*PROMPT*: After finding the line with "David Stevenson, Reality" in the data below, set down exactly each line through the one with "Remarkable Computer Programmer", inclusive, and stop there.
---------- MATERIAL SHOWN
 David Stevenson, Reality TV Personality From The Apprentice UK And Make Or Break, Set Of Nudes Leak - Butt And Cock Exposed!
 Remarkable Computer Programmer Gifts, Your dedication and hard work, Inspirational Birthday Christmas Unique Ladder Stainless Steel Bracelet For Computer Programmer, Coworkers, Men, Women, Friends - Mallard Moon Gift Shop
--------------------
---------- MATERIAL SHOWN
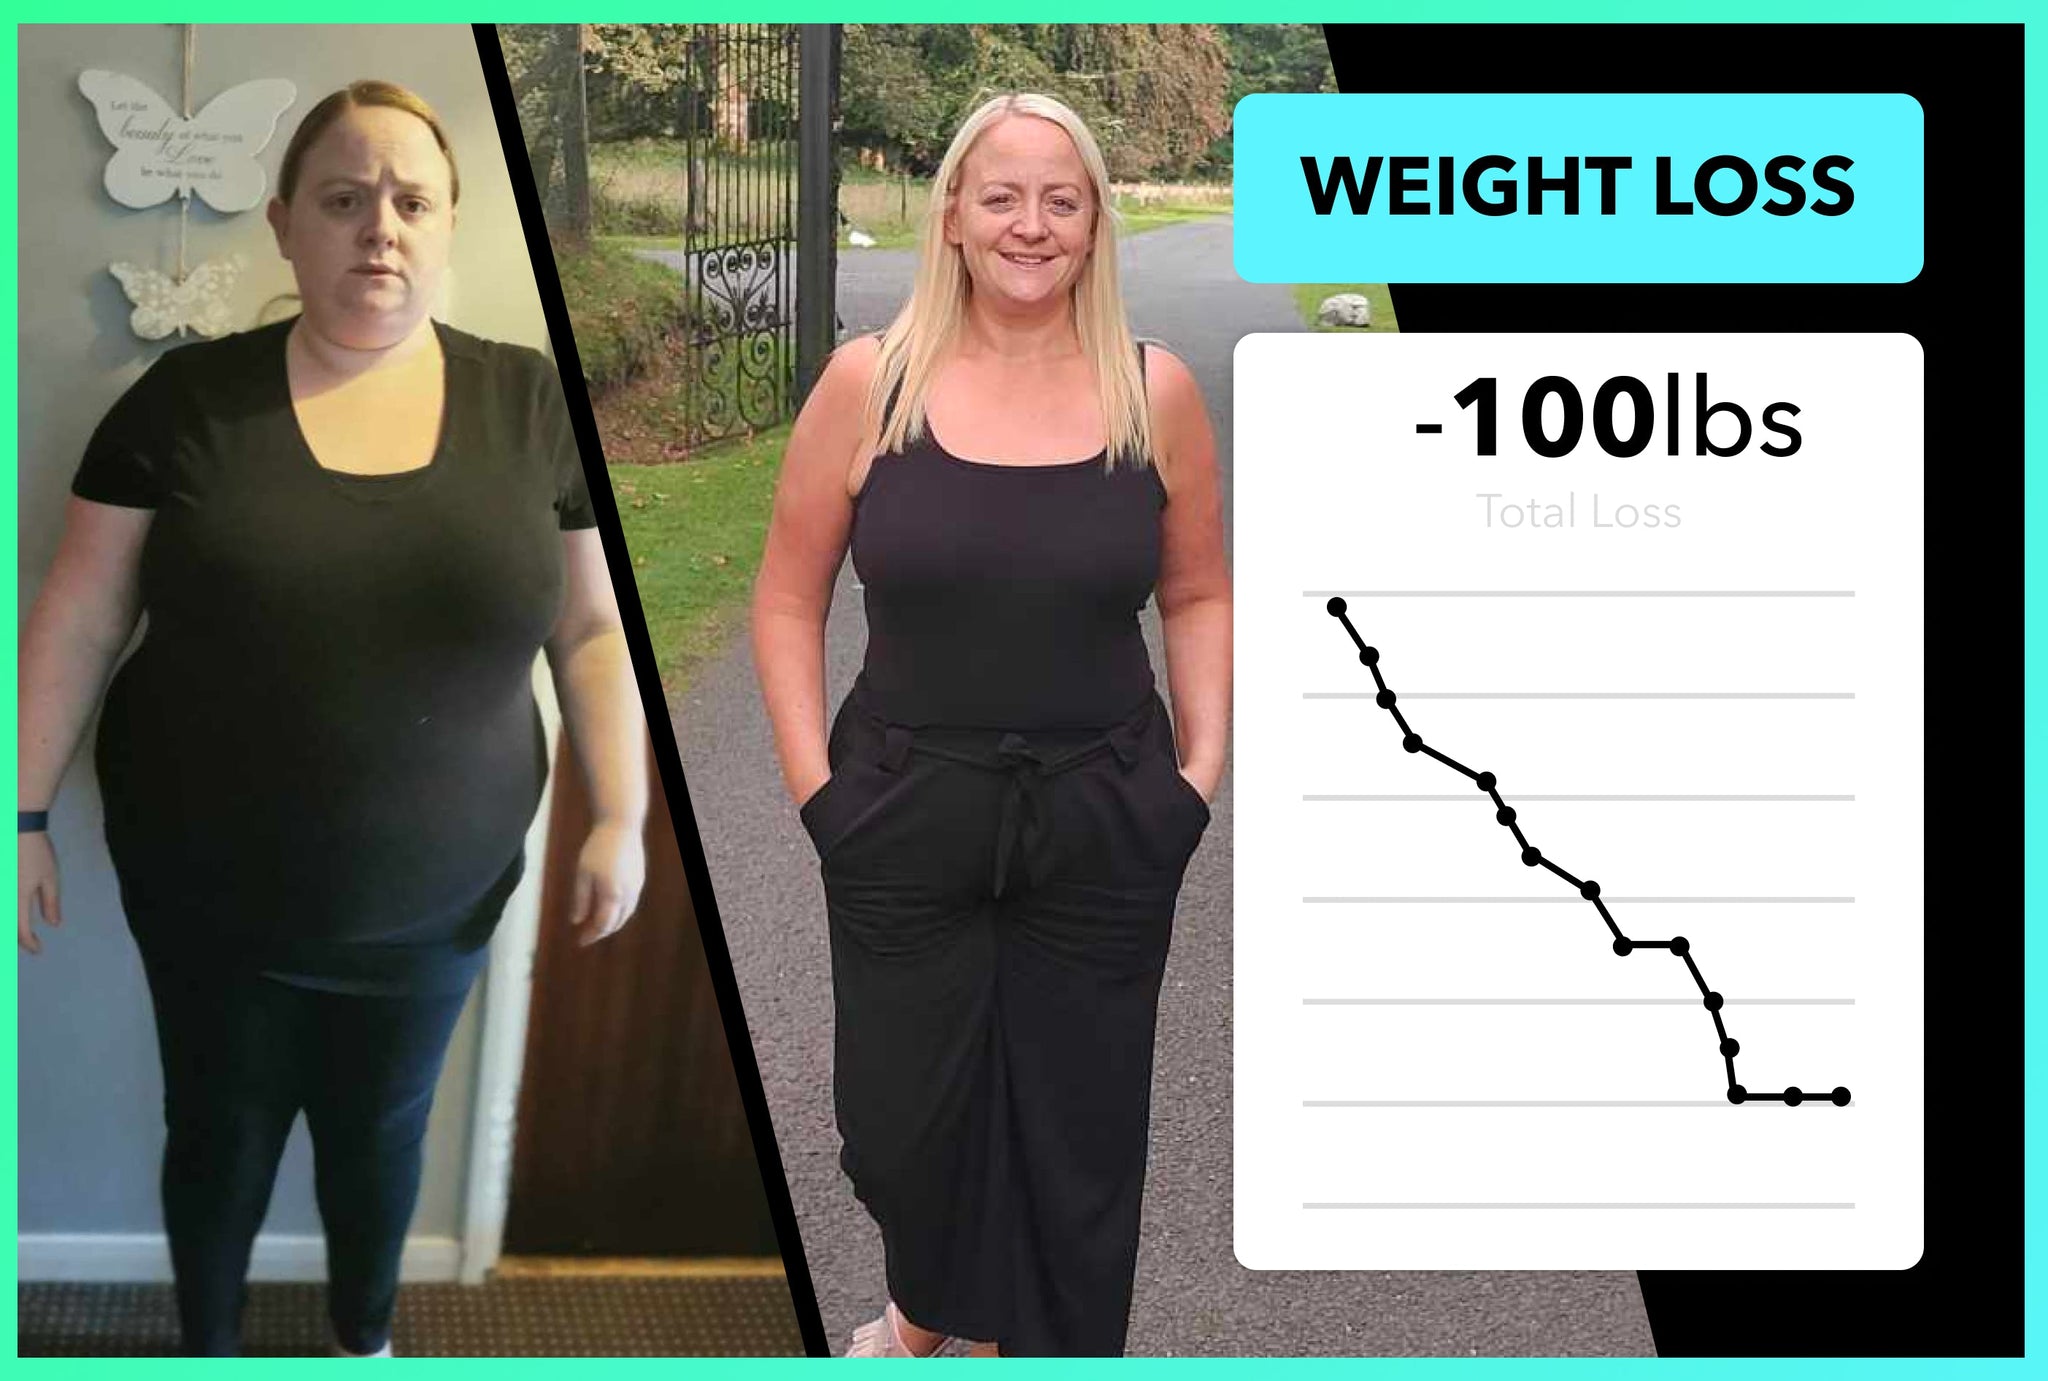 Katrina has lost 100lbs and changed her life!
--------------------
*RESPONSE BOX*:
 David Stevenson, Reality TV Personality From The Apprentice UK And Make Or Break, Set Of Nudes Leak - Butt And Cock Exposed!
 Remarkable Computer Programmer Gifts, Your dedication and hard work, Inspirational Birthday Christmas Unique Ladder Stainless Steel Bracelet For Computer Programmer, Coworkers, Men, Women, Friends - Mallard Moon Gift Shop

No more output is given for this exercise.